7. The system of claim 1, wherein the inter-module spacing control tool comprises a connection line crawler mechanism.
8. The system of claim 1, wherein the inter-module spacing control tool comprises a spooler mechanism.
9. The system of claim 1, wherein at least one of the spaced modules comprises a rotation control tool to change an azimuthal orientation of at least one transmitter or receiver.
10. The system of claim 1, wherein at least one of the spaced modules comprises an orientation sensor, and wherein an azimuthal orientation measurement obtained by the orientation sensor is used to interpret acoustic logging or resistivity logging measurements obtained using the spaced modules.
11. The system of claim 1 , wherein a lowermost module of the spaced modules comprises an orientation sensor, and wherein an inclination measurement obtained by the orientation sensor is used to interpret acoustic logging or resistivity logging measurements obtained using the spaced modules.
12. The system of claim 1, wherein an uppermost module of the spaced modules comprises a control or telemetry interface to direct telemetry or logging operations for all of the spaced modules.
13. The system of claim 1, further comprising a wire or optical fiber between an uppermost module of the spaced modules and earth's surface, and wherein the spaced modules communicate to each other using wireless telemetry interfaces.
14. The system of claim 1 , wherein the distributed transmitter/receiver arrangement is used to collect acoustic logging or resistivity logging measurements as a function of position using different spacings between a transmitter and at least one receiver of the distributed transmitter/receiver arrangement.
15. A downhole logging method that comprises:
deploying a plurality of spaced modules in a borehole, wherein the spaced modules
provide a distributed transmitter/receiver arrangement;
changing a spacing between a transmitter and at least one receiver of the distributed
transmitter/receiver arrangement; and
performing logging operations based on the changed spacing between the transmitter and the at least one receiver of the distributed transmitter/receiver arrangement.
16. The method of claim 15, wherein the spacing between the transmitter and at least one received is changed by adjusting the position of at least one of the plurality of spaced modules along a connection line.
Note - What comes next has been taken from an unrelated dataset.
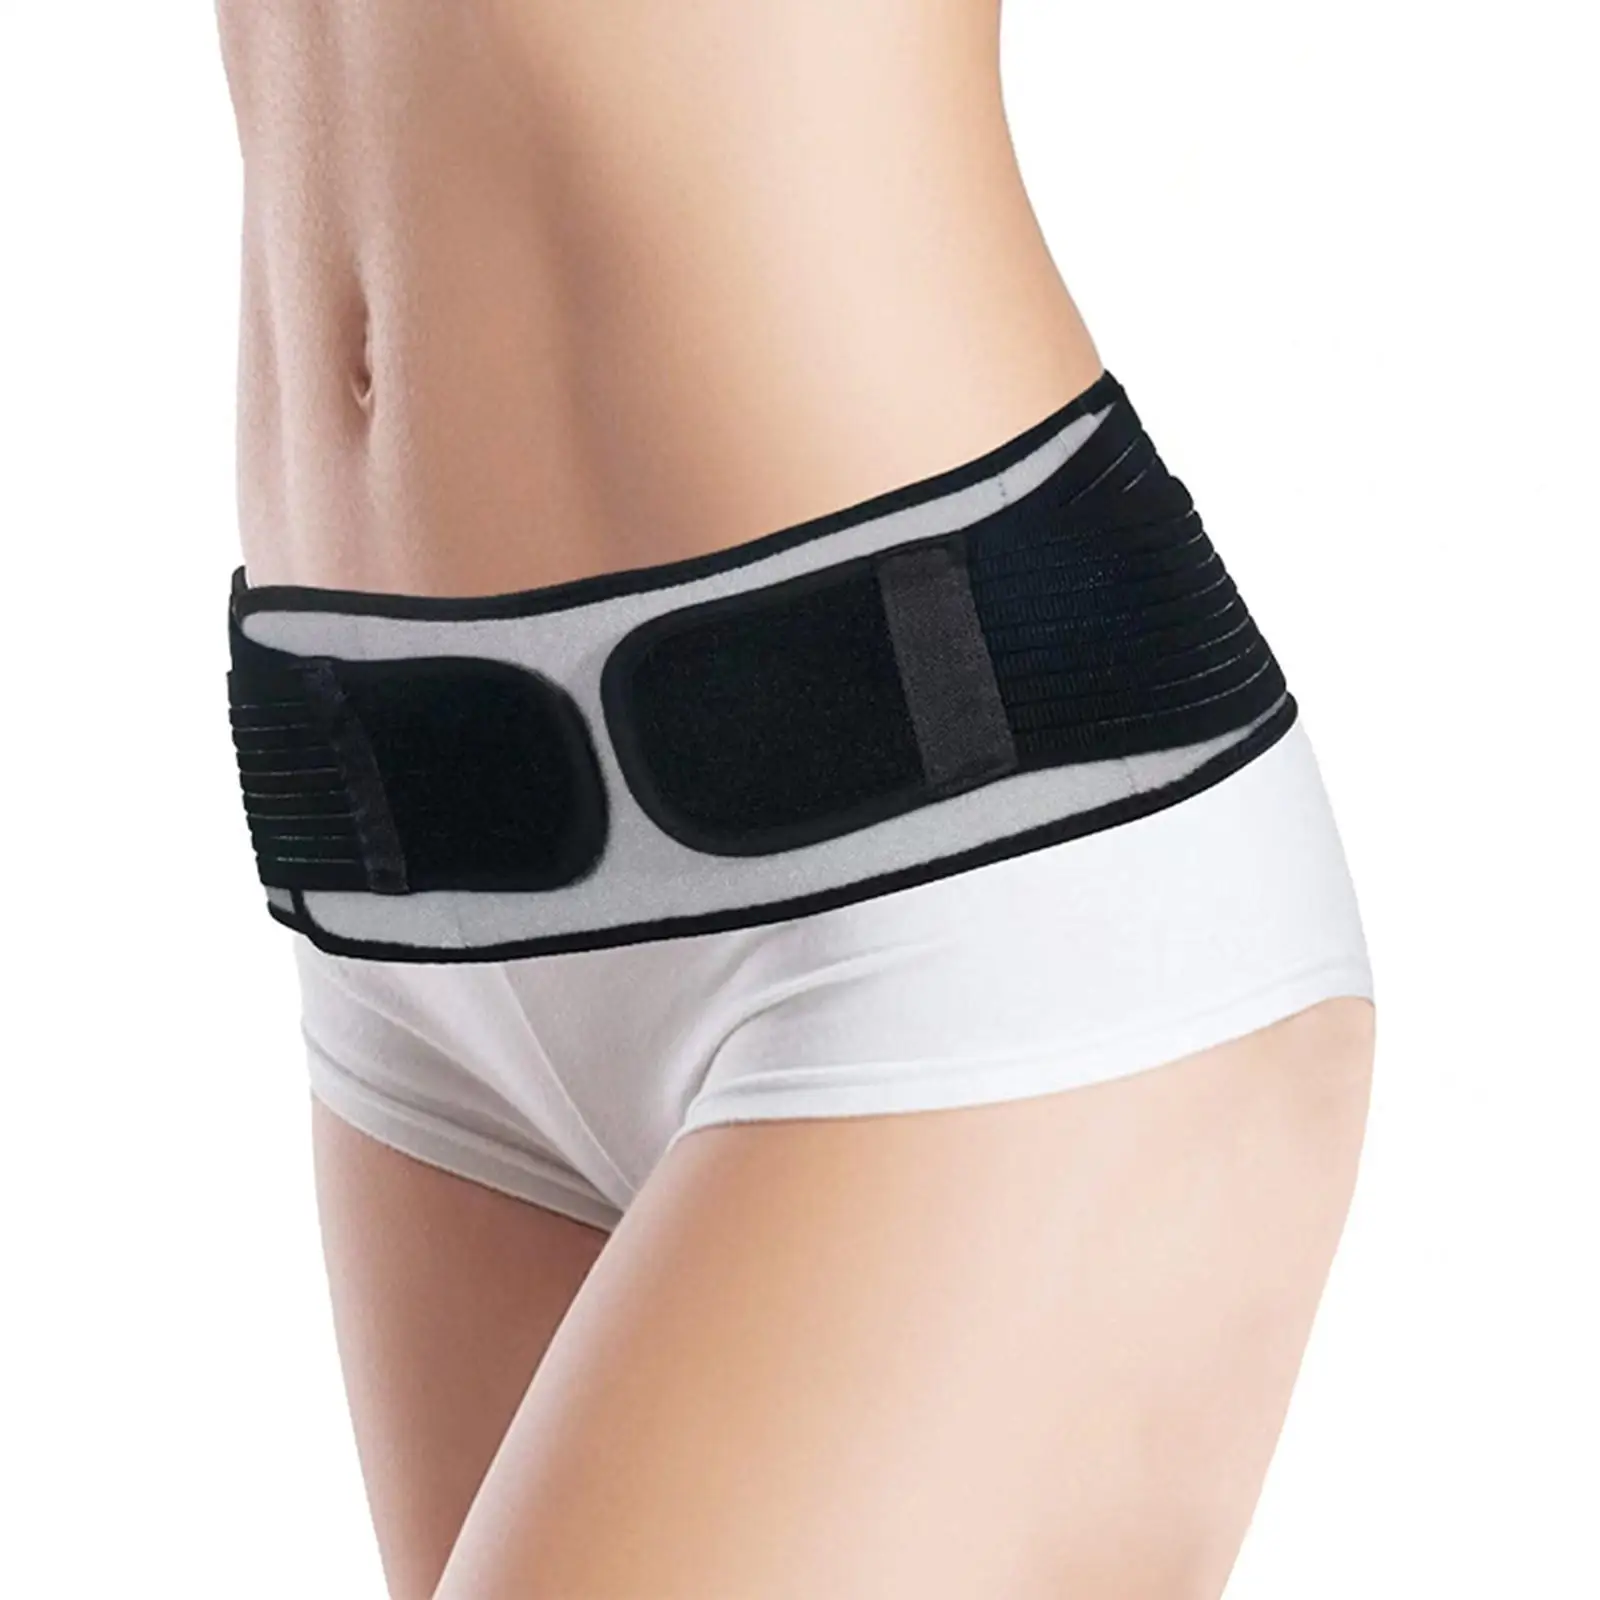 SI Belt Muscles Support Resistant Alleviate Sacroiliac Belt for

17. The method of claim 15, wherein the spacing between the transmitter and at least one received is changed by adjusting the length of a connection line.
18. The method according to any one of claims 16 and 17, wherein the connection line corresponds to a wireline, a slickline, a coiled tubing, or a cable.
19. The method of claim 15, further comprising changing an azimuthal orientation of at least one transmitter or receiver associated with the distributed transmitter/receiver arrangement.
20. The method of claim 15, further comprising obtaining an azimuthal orientation measurement for at least one of the spaced modules and using the azimuthal orientation measurement interpret acoustic logging or resistivity logging measurements obtained using the spaced modules.
21. The method of claim 15, further comprising obtaining an inclination measurement for a bottommost module of the spaced modules and using the inclination measurement to interpret acoustic logging or resistivity logging measurements obtained using the spaced modules.
22. The method of claim 15, further comprising using an uppermost module of the spaced modules to direct telemetry or logging operations for all of the spaced modules.
23. The method of claim 15, further comprising conveying power or communications between an uppermost module of the spaced modules and earth's surface using a wire or optical fiber, and conveying communications between the spaced modules using wireless telemetry.
24. The method of claim 15, further comprising collecting acoustic logging or resistivity logging measurements as a function of position using different spacings between a transmitter and at least one receiver of the distributed transmitter/receiver arrangement.